Густав дал им список женщин, с которыми имел отношения, будучи в браке. Их оказалось четыре: одна недавно родила и с тех пор едва выходила за порог своего дома в Гётеборге, вторая жила в Нью-Йорке и еще две в Карлстаде. У обеих имелось стопроцентное алиби.
— Но не факт, что он перечислил всех, — вздохнул Грегер.
— Зачем ему кого-то из них скрывать? — спросила Чарли.
— Возможно, потому, что это могло бы навредить ему, — пожал плечами Грегер. — Вполне вероятно, что он встречался с женами друзей или деловых партнеров.
— И все же мне кажется слегка притянутым за уши, чтобы отвергнутая любовница или ее муж похитили ребенка из-за измены, — заметила Чарли.
Грегер согласился, что это как-то не слишком реалистично.
— Но, может быть, никакого отчетливого мотива и нет, — продолжала Чарли. — Мог произойти… несчастный случай. Я имею в виду Фриду.
— Как ты считаешь, в каком она состоянии? — спросил Грегер. — Думаешь, правду сказала о ней Мадлен Сведин — что она психически больна?
— Даже не знаю, — ответила Чарли. — Когда я спросила Густава, он заявил, что у Фриды случались приступы усталости, что это скорее у Мадлен неустойчивая психика.

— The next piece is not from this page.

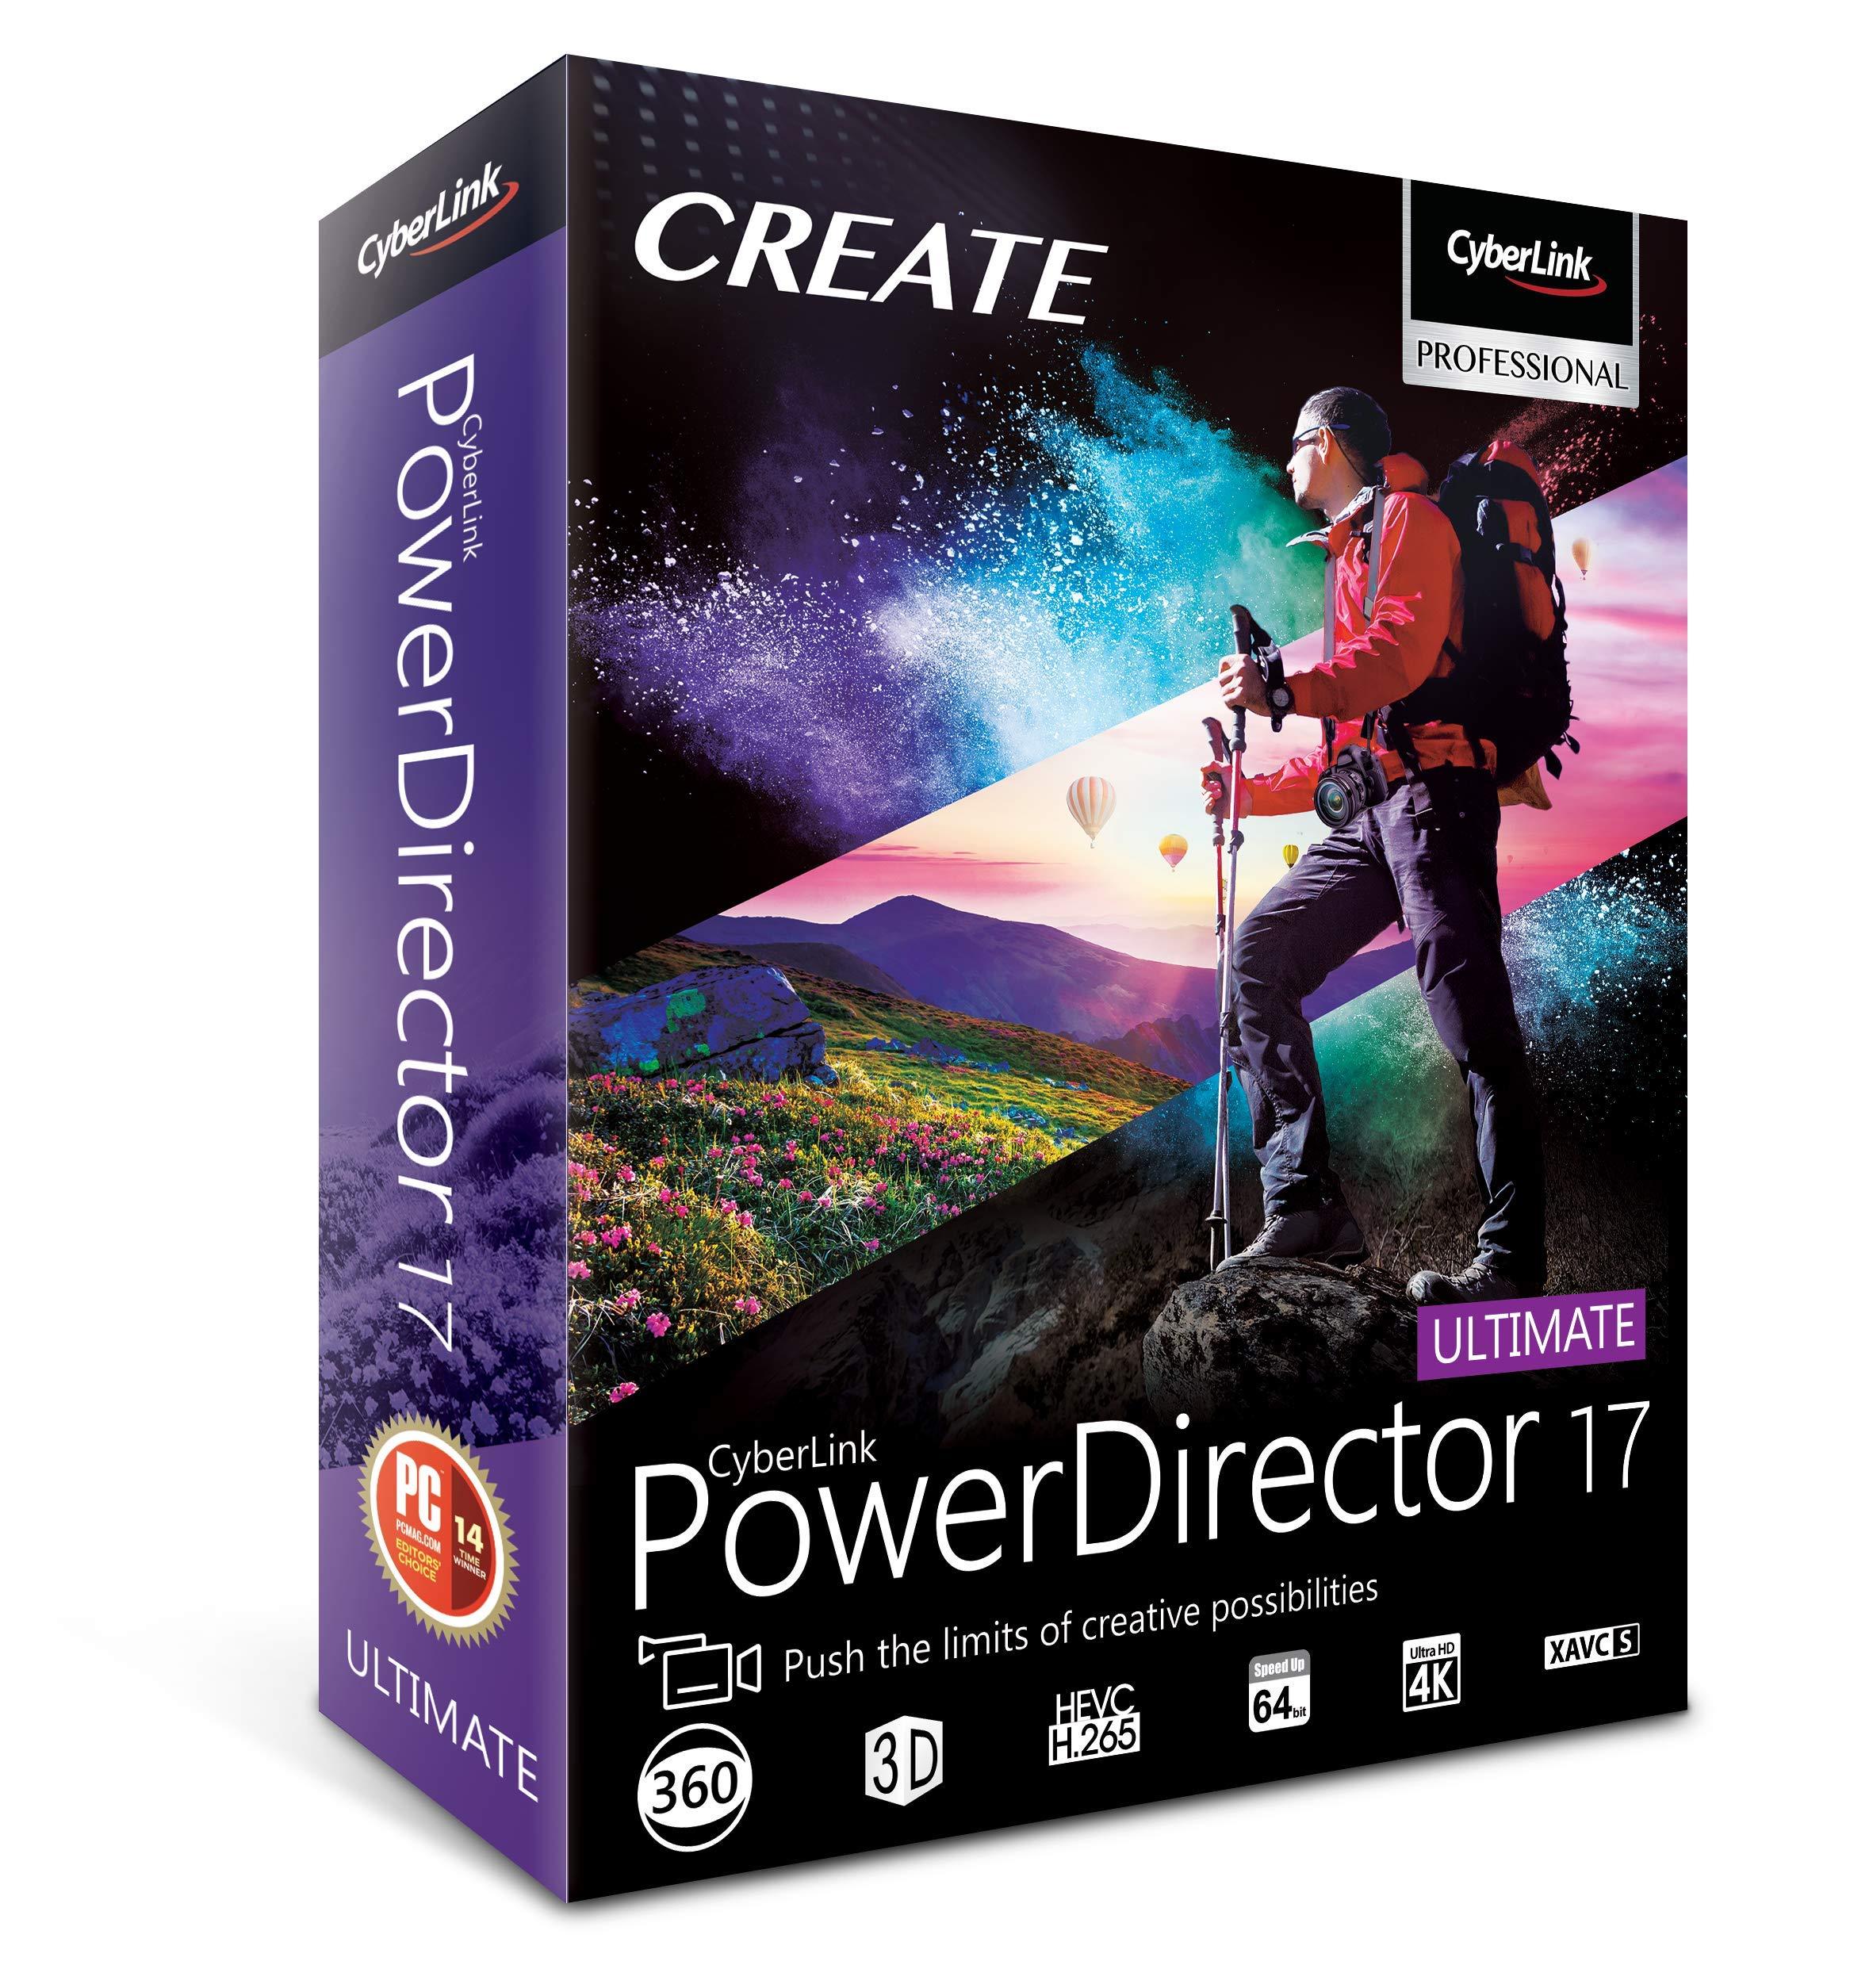 Cyberlink PowerDirector 17 Ultimate by Cyberlink

— Так что будем делать? — спросил Грегер. — Куда двигаться дальше?
— Придется еще раз поговорить с братом Фриды, — ответила Чарли. — С ним и ее друзьями.
— Проблема в том, что Фрида, похоже, не общалась с братом. И что у нее нет близких друзей. Я хотел сказать — даже Шарлотта, как нам показалось, не знает ее по-настоящему. О чем ты думаешь? — спросил он, заметив, что взгляд Чарли блуждает по помещению.
— О ней, о Фриде… даже не знаю. Она настолько зависима от Густава — ни работы, ни доходов, ни семьи, которая могла бы ее поддержать, никаких друзей. Все, что у нее есть, — это брат-наркоман.
— И дочь, — напомнил Грегер. — Дочь, которую мы по-прежнему можем разыскать.
Чарли кивнула.
— Ощущаю потребность выпить пива, — сказал Грегер. — Ты будешь?
— Да, — ответила Чарли. — Я тоже возьму.